Identifying Problem Isomorphism

“LFU Cache” involves designing a cache system with a specific eviction policy, namely, least frequently used (LFU). The main crux of the problem lies in effectively managing the cache with capacity constraints and updating the frequency of use for each entry.

A simpler problem sharing this theme is “LRU Cache”. In this problem, the cache system design is similar, but the eviction policy is least recently used (LRU), which is simpler to implement compared to LFU. Here, entries need to be updated based on recency of use, rather than frequency.

A more complex problem is “Design In-Memory File System”. This problem requires design of a more complex data structure (a file system), maintaining different types of entries (files and directories) and implementing various operations.

The reasoning behind these choices:

  • “LRU Cache” is simpler than “LFU Cache” as it only requires tracking of the recency of usage, which can be achieved with a doubly linked list and a hash map.
  • “Design In-Memory File System” is more complex because it involves design of multiple interacting parts (files, directories, and the operations on them), making it a step further in complexity.

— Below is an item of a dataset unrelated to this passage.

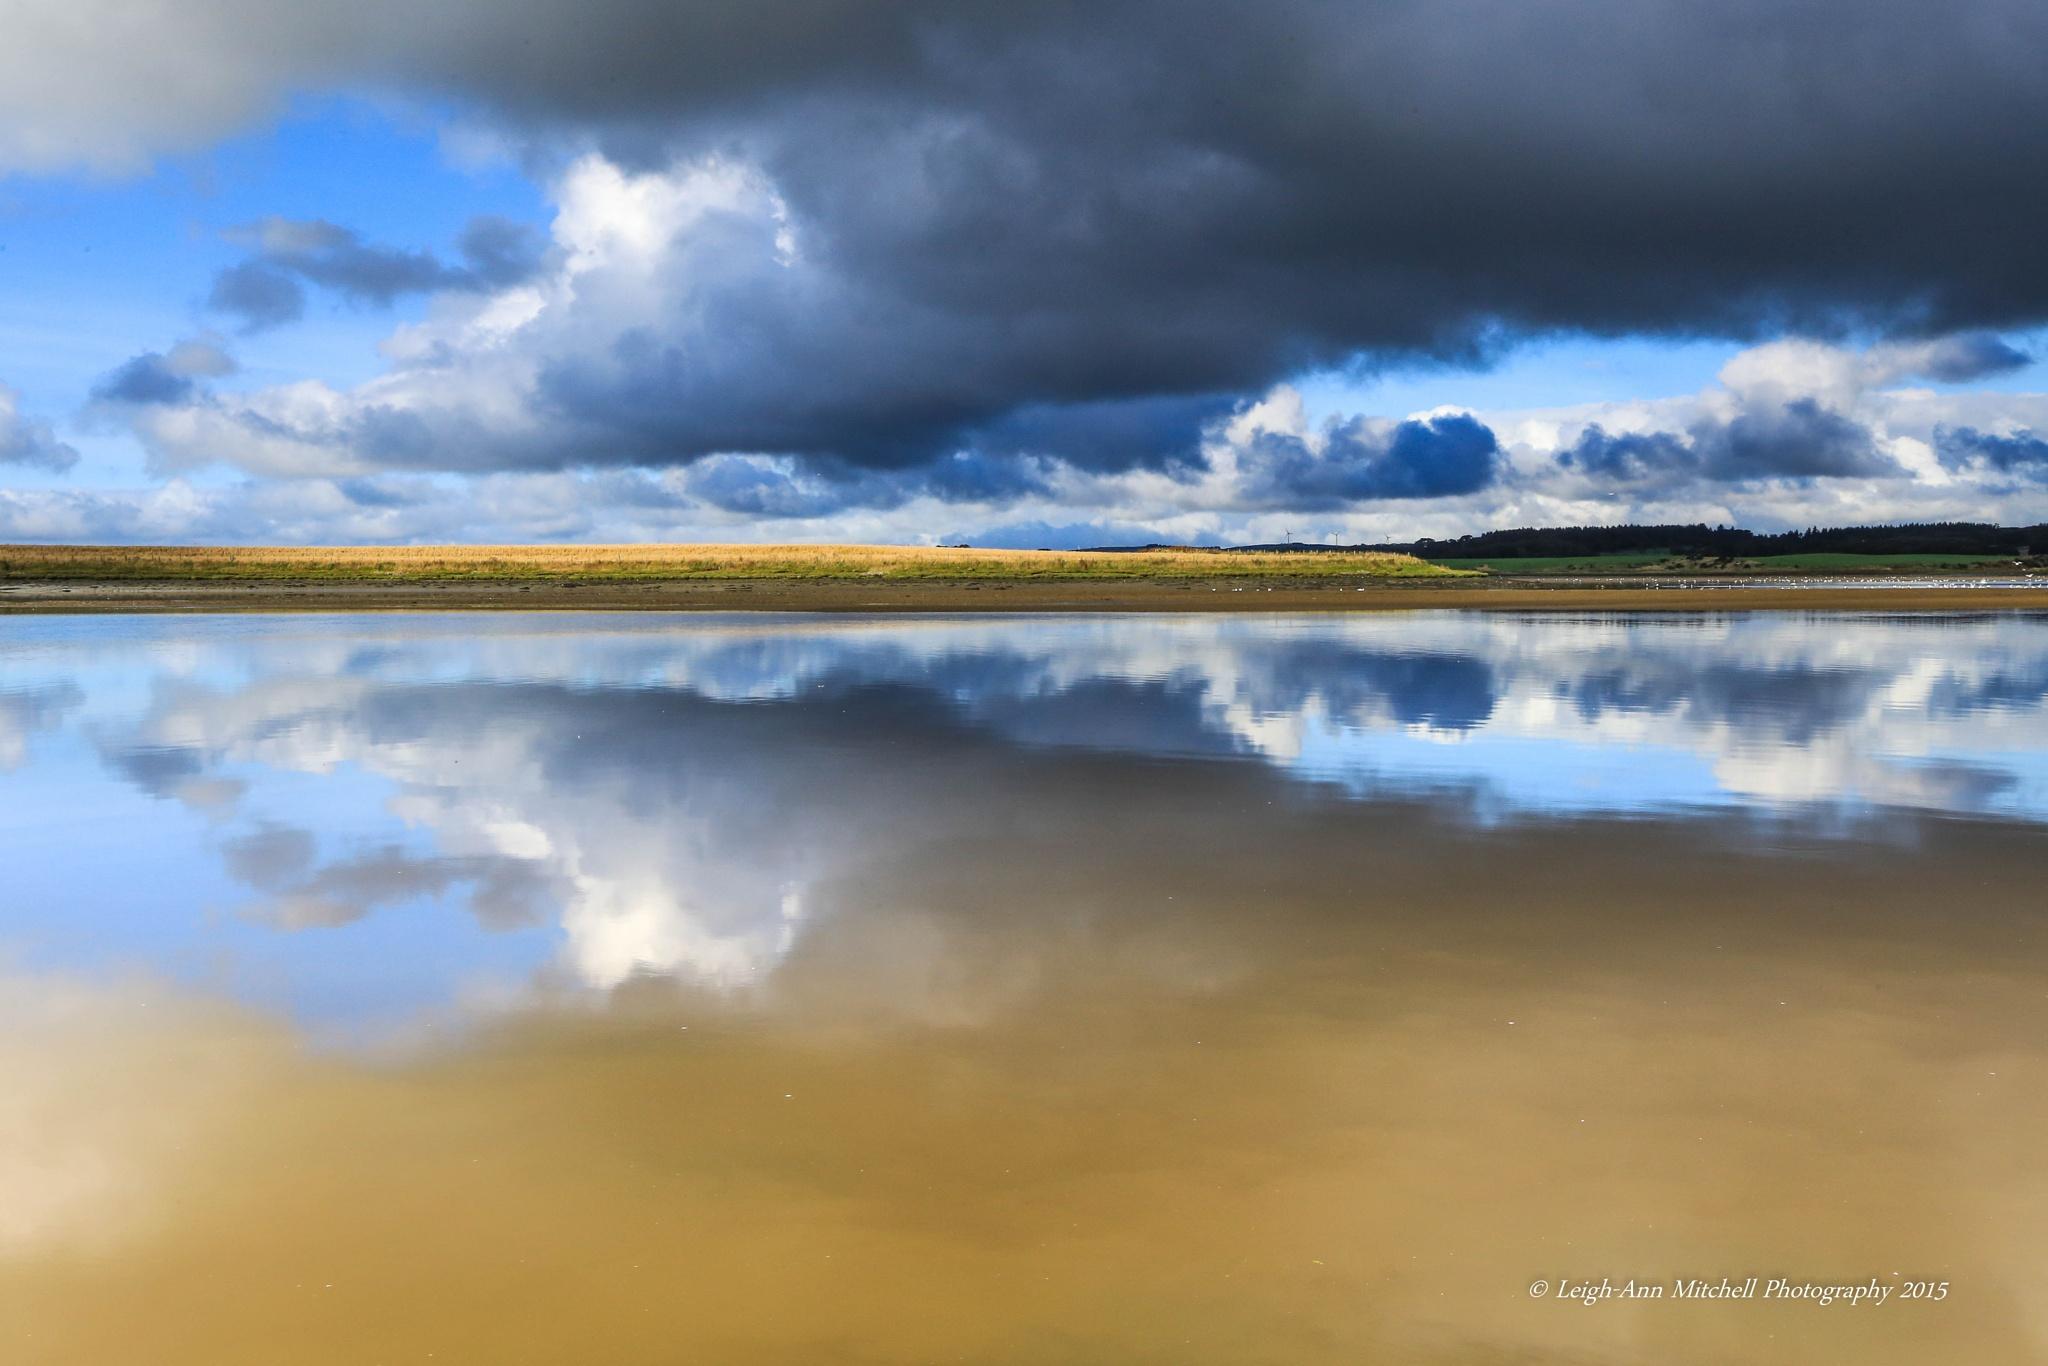 SHADES OF BLUE by Leigh-Ann Mitchell

From simpler to more complex:

  1. “LRU Cache”
  2. “LFU Cache”
  3. “Design In-Memory File System”

This classification is based on the complexity of the data structure that needs to be designed and the operations that need to be supported. As always, this mapping is an approximation, and actual difficulty can vary based on individual understanding and familiarity with the concepts involved.

10 Prerequisite LeetCode Problems

“LFU Cache” involves data structure design and implementation. Specifically, hash maps, doubly-linked lists, and caching algorithms.

Here are 10 problems to build these foundational skills:

  1. “Two Sum” (LeetCode Problem #1): This problem introduces you to the use of hash maps for efficient lookups.

  2. “LRU Cache” (LeetCode Problem #146): This problem will help you understand the LRU caching mechanism, which is a simpler version of LFU.

  3. “Design Doubly Linked List” (LeetCode Problem #707): This problem requires you to design a basic doubly-linked list, which is an essential part of the LFU cache.

  4. “Implement Stack using Queues” (LeetCode Problem #225): This problem involves implementing a basic data structure using another, similar to how you might implement an LFU cache using a hash map and a doubly-linked list.

  5. “Valid Anagram” (LeetCode Problem #242): This problem further practices the use of hash maps to count elements.

  6. “Contains Duplicate” (LeetCode Problem #217): This problem provides practice in using hash maps to track the existence of items.

  7. “Design HashMap” (LeetCode Problem #706): This problem requires you to design a basic hash map, which is an essential part of the LFU cache.

  8. “Design Circular Queue” (LeetCode Problem #622): This problem introduces you to the design of more complex data structures, which is a good step up towards the LFU cache.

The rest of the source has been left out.